Steven F S, Maier H, Talbot I C
Department of Biochemistry and Molecular Biology, School of Biological Sciences, University of Manchester, U.K.
J Enzyme Inhib. 1990;3(3):229-36. doi: 10.3109/14756369009035841.

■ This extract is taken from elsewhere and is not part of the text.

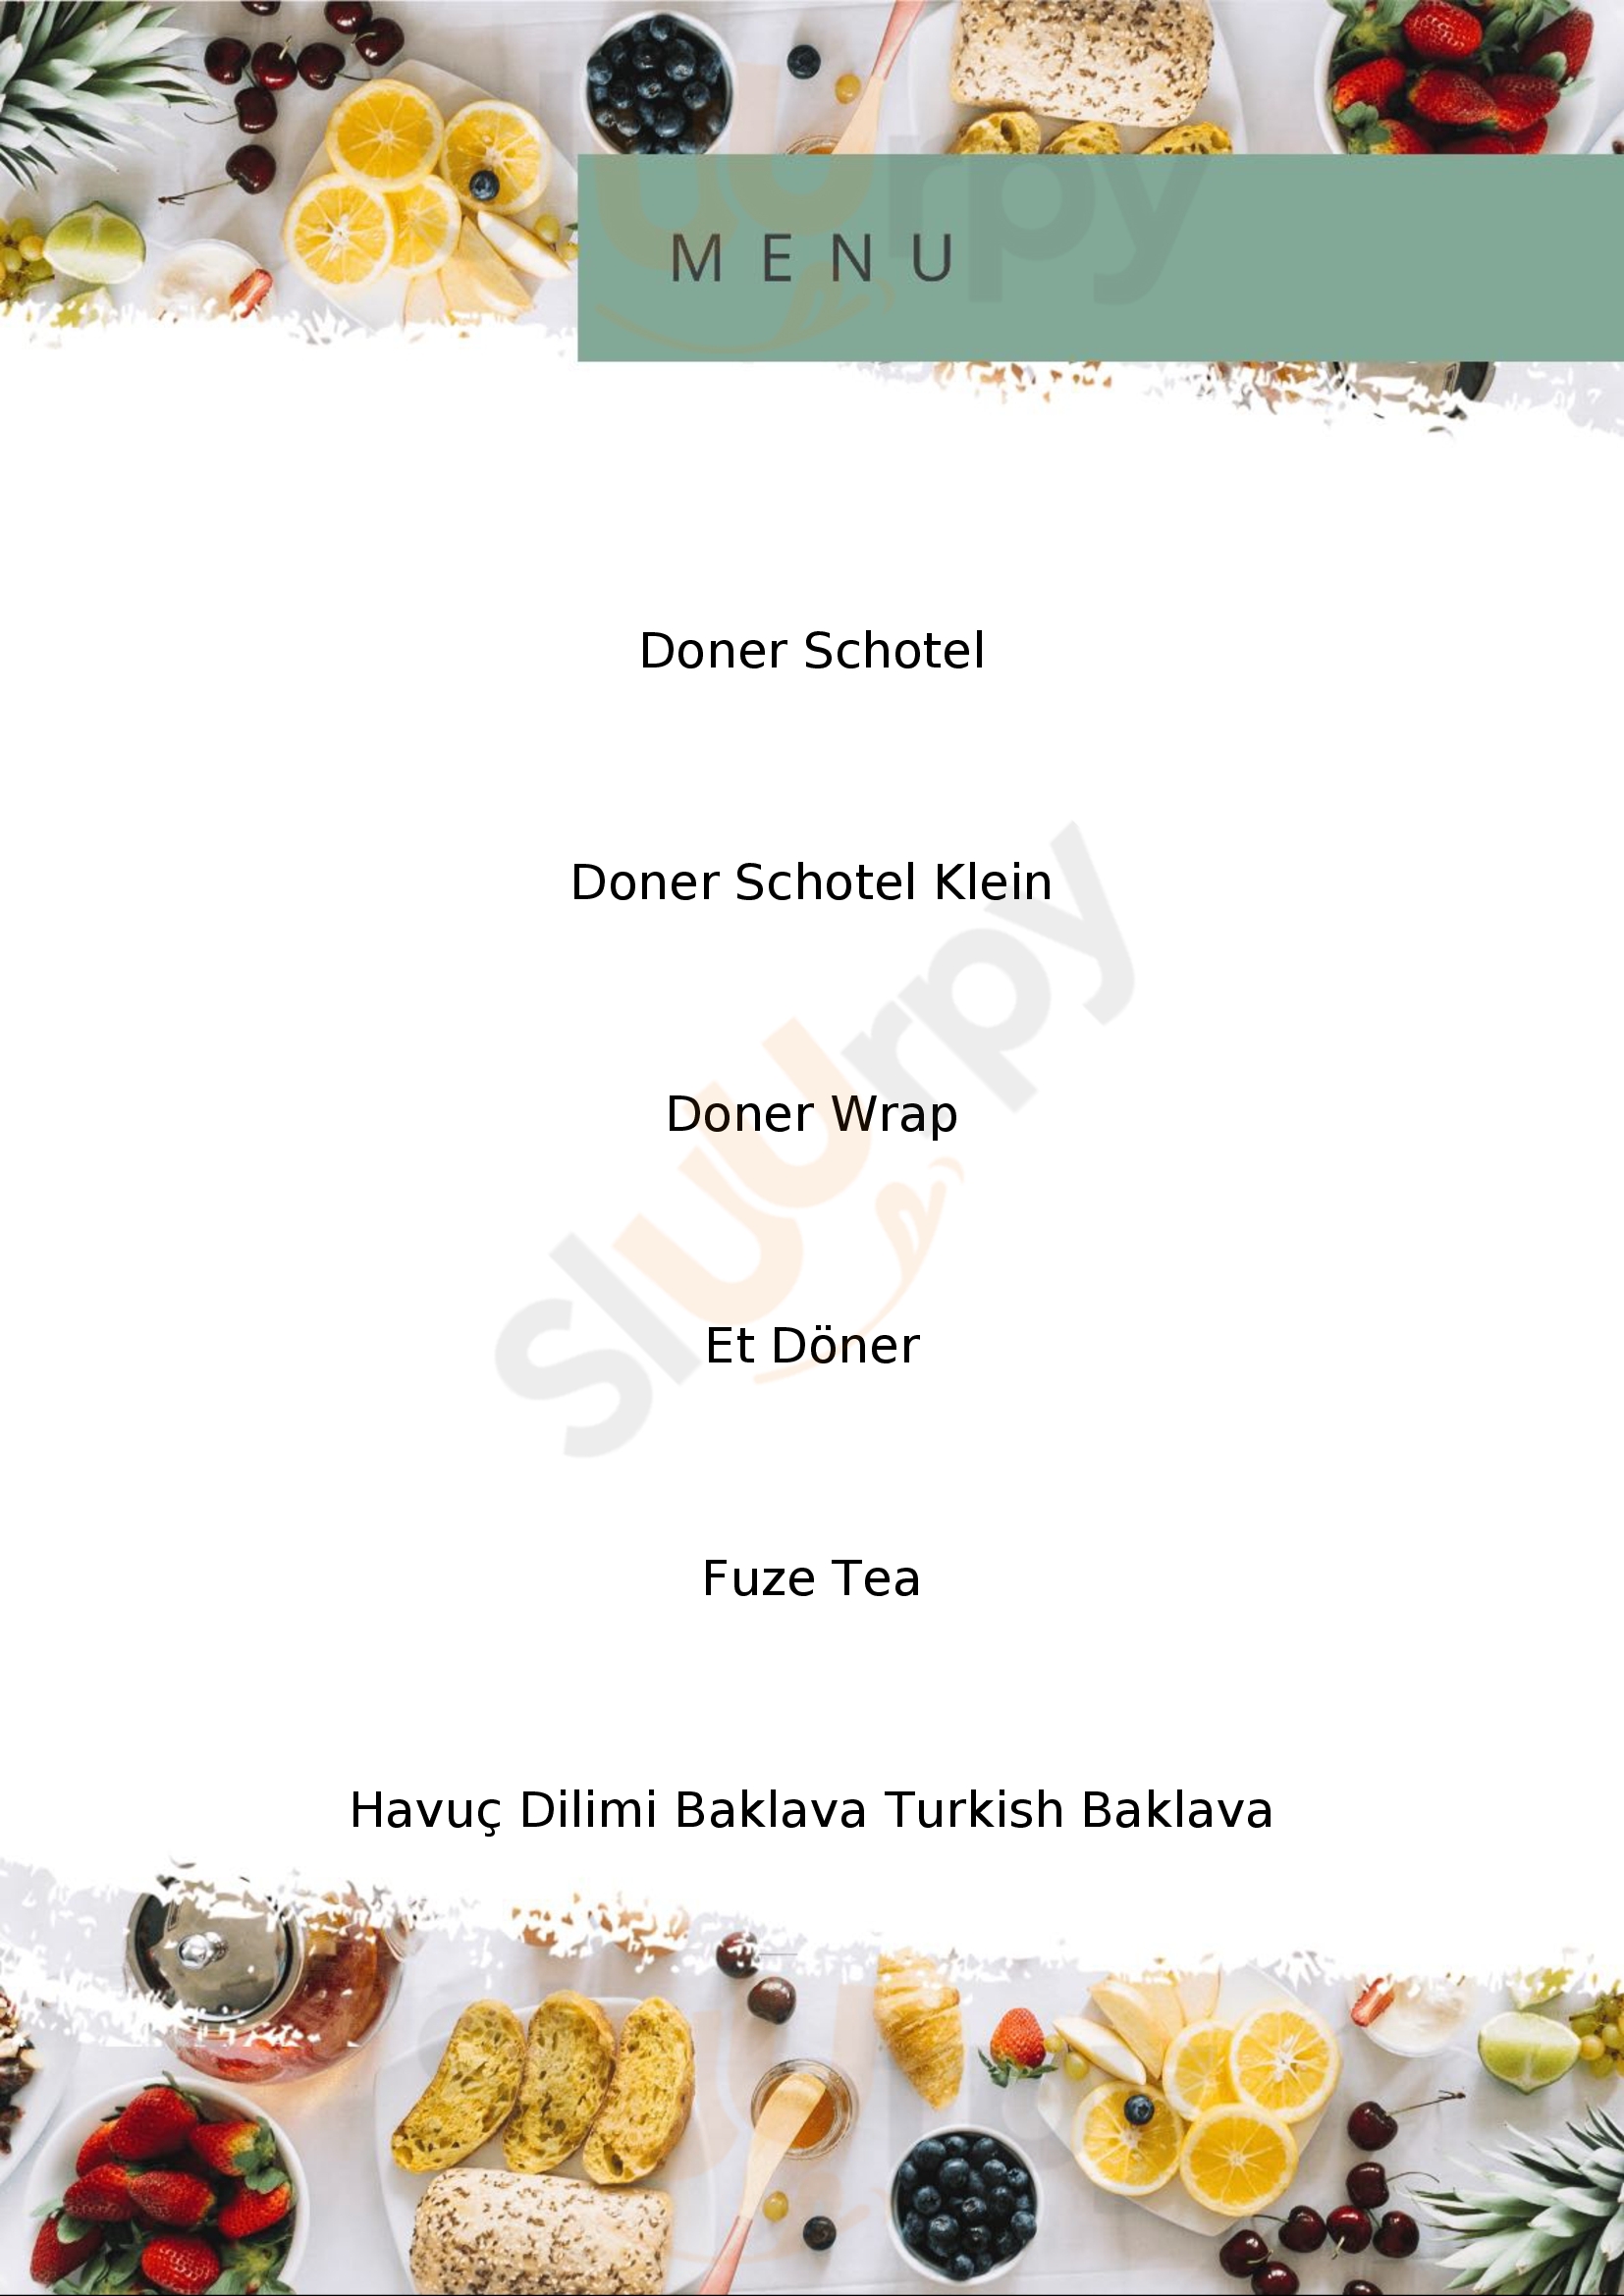 Atilla Turkish Food Amsterdam Menu - 1

We studied the enzymic status of the tumour cell surface protease, guanidinobenzoatase (GB) in frozen sections of a human colonic tumour grown in nude mice and also in human colons. Active enzyme was demonstrated by the binding of a synthetic fluorescent probe for the active centre of guanidinobenzoatase (GB). It was observed that tissue derived inhibitors of GB blocked the binding of this fluorescent probe and that enzyme inhibitor complex formation could be controlled by lowering the pH of the medium with lactic acid. The presence of an inhibitor of GB in the mouse tumour extract was taken advantage of by making two fluorescent derivatives of this inhibitor; both of which located GB on colonic tumour cells in frozen sections of human colon.
我们研究了在裸鼠体内生长的人结肠肿瘤以及人结肠的冰冻切片中肿瘤细胞表面蛋白酶——胍基苯甲酸酶(GB)的酶学状态。通过一种针对胍基苯甲酸酶(GB)活性中心的合成荧光探针的结合来证明活性酶的存在。据观察,GB的组织源性抑制剂会阻断这种荧光探针的结合,并且酶抑制剂复合物的形成可以通过用乳酸降低培养基的pH值来控制。利用小鼠肿瘤提取物中GB抑制剂的存在,制备了该抑制剂的两种荧光衍生物;这两种衍生物都能在人结肠冰冻切片中的结肠肿瘤细胞上定位GB。